A SPEAR FROM THE COAST OF CENTRAL QUEENSLAND (¼ size).

CRYSTALLINE AXE FROM PEAK DOWNS IN CENTRAL QUEENSLAND (½ size).

An idea of the culture of the Australian is easily gained by examining his weapons and implements. They are made mostly of wood, and bows and arrows are unknown. On Herbert river the natives employ javelins almost exclusively for hunting, but when in the dense scrubs they are as a rule unarmed. If they discover an animal they break branches off the trees, and try to kill it with these. They are generally successful, for most of the animals frequent the trees, and escape is therefore difficult when the natives make an attack from all sides and surround them. When an animal has been slain and is to be prepared for food, the belly is opened by the first stone or piece of wood found suitable for the purpose. The game is divided for distribution either with a stone or with the teeth, which are also largely used for breaking off limbs of trees and for making implements. The knives used by the natives of Australia are either pieces of hard stone accidentally found ready for use, or are secured by breaking pieces off the rock, but not much additional labour is bestowed on them, though they are sometimes shaped or fastened with glue to a kind of wooden handle. On the other hand, the natives understand how to polish their tomahawks; and when tribes have been found who had only roughly worked ones, the reason is not ignorance in polishing, but that the hardness of the material made the tomahawks quite sharp enough without it. Still, it will be seen that the aboriginal Australian has not advanced very far in the stone age.

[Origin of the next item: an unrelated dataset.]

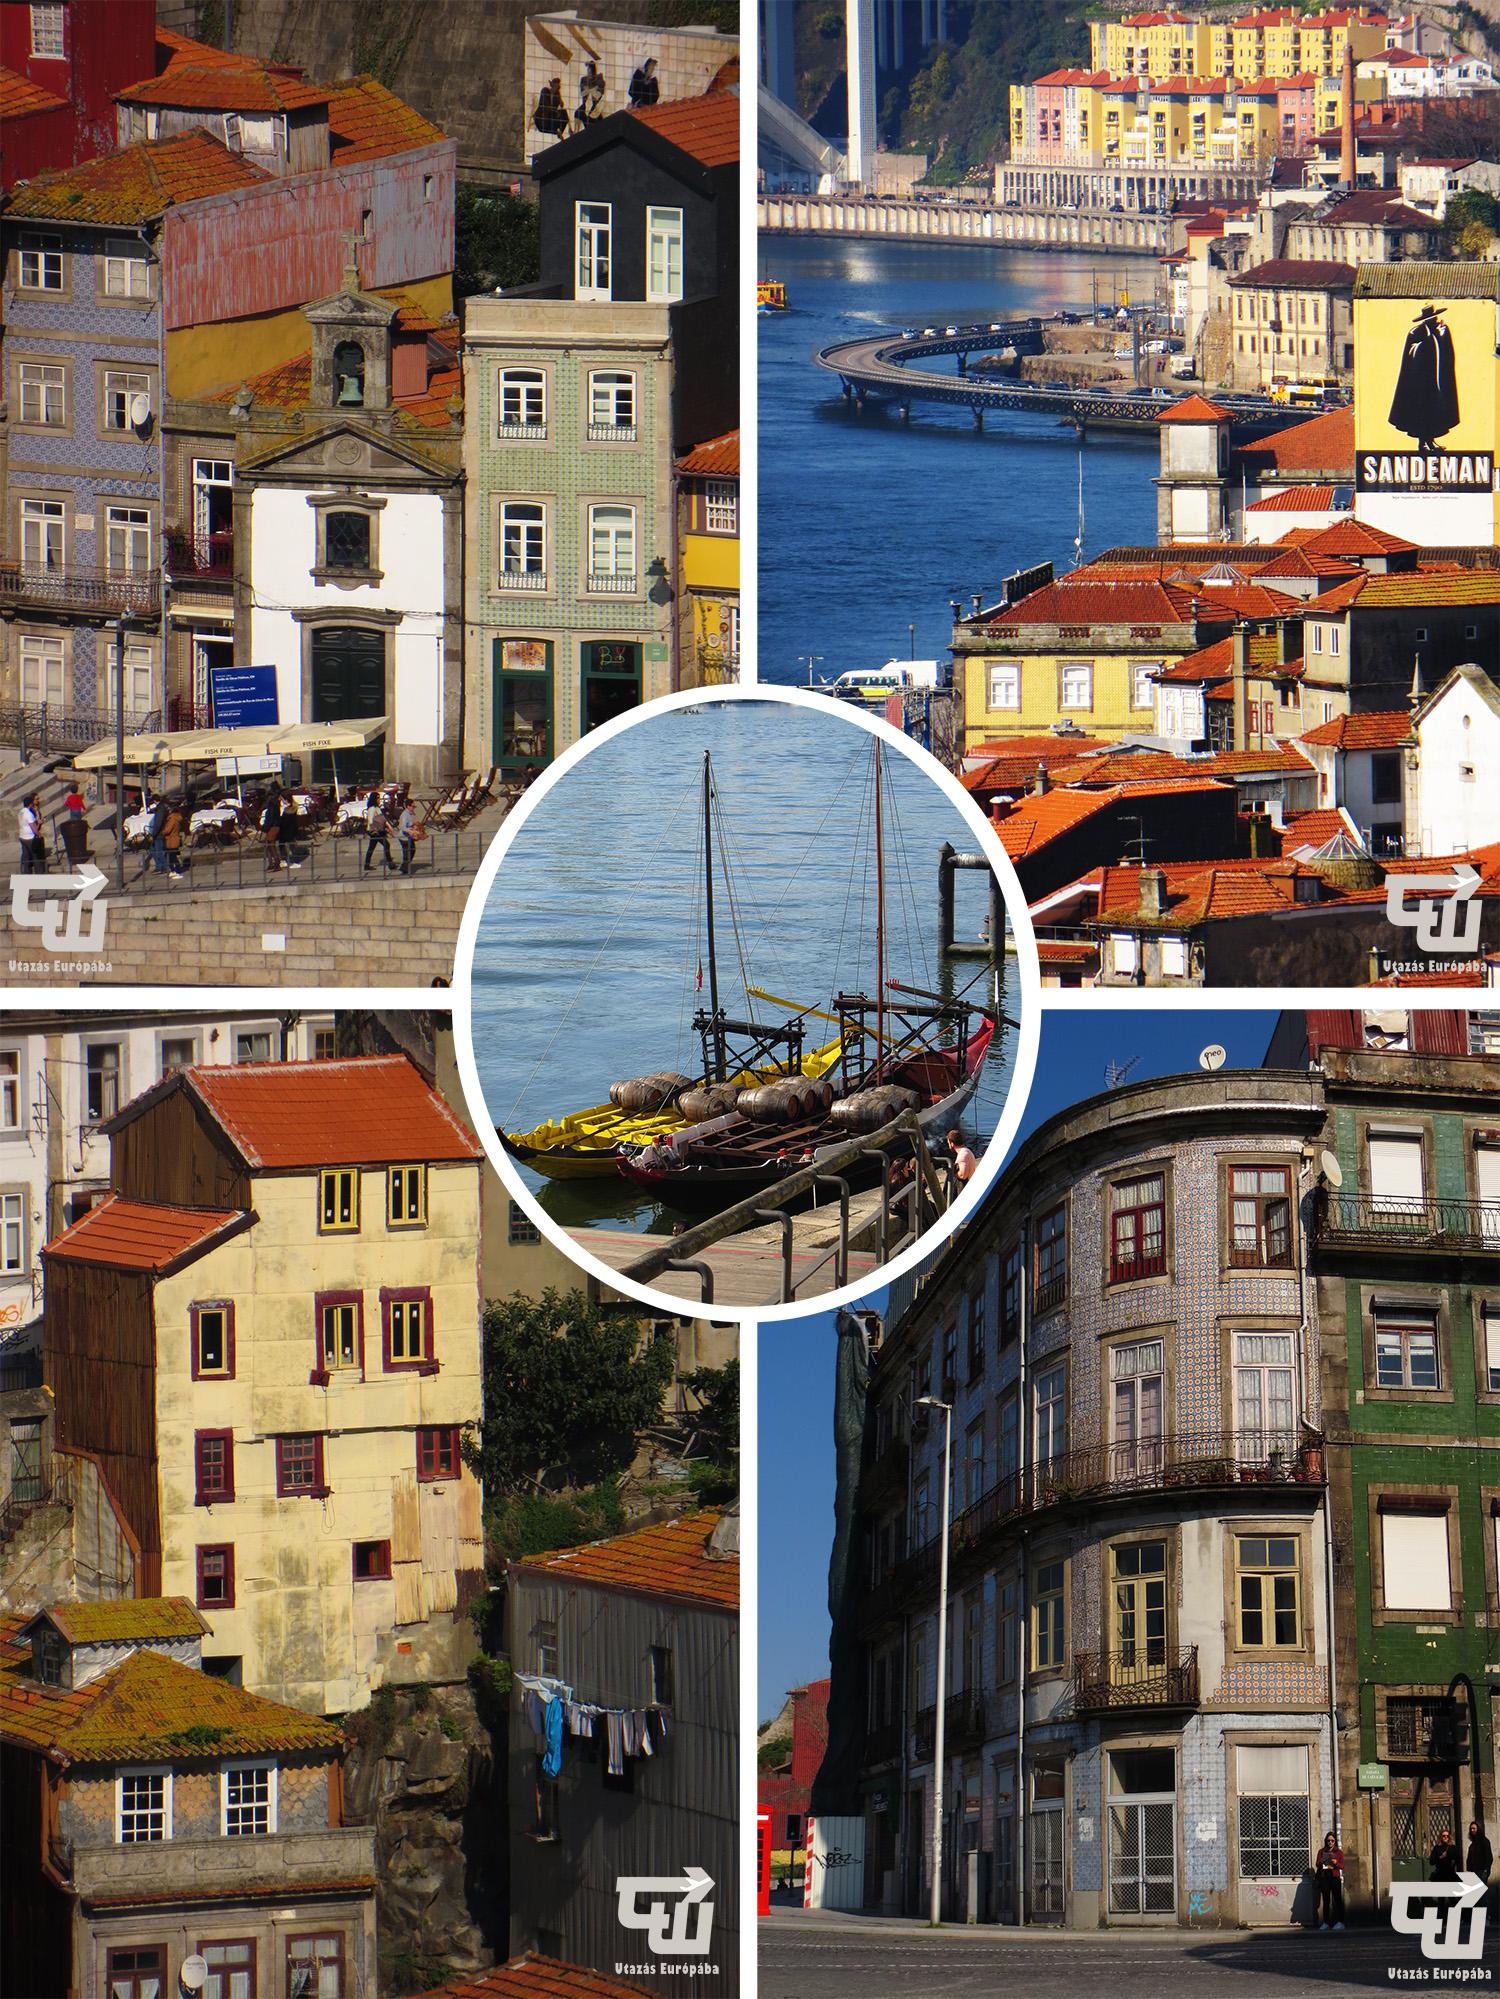 07_rio_douro_vinho_porto_portugalia_portugal_utazas_europaba.jpg

When the natives become “civilized” they at once exchange their stone weapons for the white man’s weapons of iron. They are particularly fond of his tomahawk. Even on Herbert river the stone axe had given place to the latter tool, which however was so rare in some parts that a whole tribe sometimes had to be satisfied with one or two implements of this kind. Blacks who have never seen a white man occasionally get iron implements by bartering with other tribes. After becoming civilised the Australian native begins to make tomahawks from broken horse-shoes or from some other piece of iron, and to stud his club with nails. There are instances on record where the natives have cut down the telegraph poles and used the wire for spear points and fish-hooks. After becoming acquainted with the use of iron, the black man makes but little use of his wooden weapons and implements, and strange to say, does not make them so nicely as formerly, when his tools were inferior. He also takes less pains with all kinds of carving.

The natives of Central Queensland have, as a matter of course, obtained that kind of civilisation which necessarily results from a prolonged intercourse with the white population. They have long since recognised the superiority of Europeans, and the new condition of things is leading them to give up their former occupations. The most capable ones become servants at the stations, partly as cooks, partly as stock-men and shepherds, and they are of considerable use to the white population; but the great mass of them prefer to enjoy their liberty, while at the same time contact with the white man gives their life and habits a new character. The settlers are on account of their flocks obliged to encroach on the hunting-grounds of the black, and the natives, who have no thought of the future or of posterity, are satisfied with the advantages obtained in exchange for the loss of their hunting-grounds—that is, they get the leavings from the kitchen and the slaughter-house, milk, old clothes, tobacco, etc. Sometimes the squatter appoints the best native near his station a “king,” and as a mark of this dignity he gives him a piece of brass containing his civilised name to wear on his breast. In return for food, tobacco, woollen blankets, and similar things, the “king” promises to watch his tribe, and keep them from doing damage to the white man’s property. Every native is anxious to become “king,” for the brass plate, which is considered a great ornament, also secures the bearer many a meal. At first, while the natives are more or less dangerous, a chief of this kind may be very valuable to a squatter, who may in this way be warned of attacks from hostile tribes, but after the natives have become quiet and peaceable the institution is of value only to the bearer of the brass plate, who continues to demand his pay.

“KING BILLY OF GRACEMERE” WITH HIS “GIN” (WIFE).

The degeneration and demoralisation of the natives, which are an inevitable result of the march of civilisation, are already far advanced even in this part of Australia. The natives become more indolent, and they lose their former self-reliance and independence after they acquire the habit of relying on what they can get from the white man. They spend most of their time near the stations and villages, where they are able to obtain liquor and opium, for which the Chinese immigrants soon give them a taste. I cannot conceive a more disgusting sight than a camp of such ragged, impudent blacks marked by all the vices of civilisation. To me, coming from Northern Queensland, where the natives still were in their pristine vigour, the picture was an exceedingly sad one, when I considered the future awaiting the friends I had left there.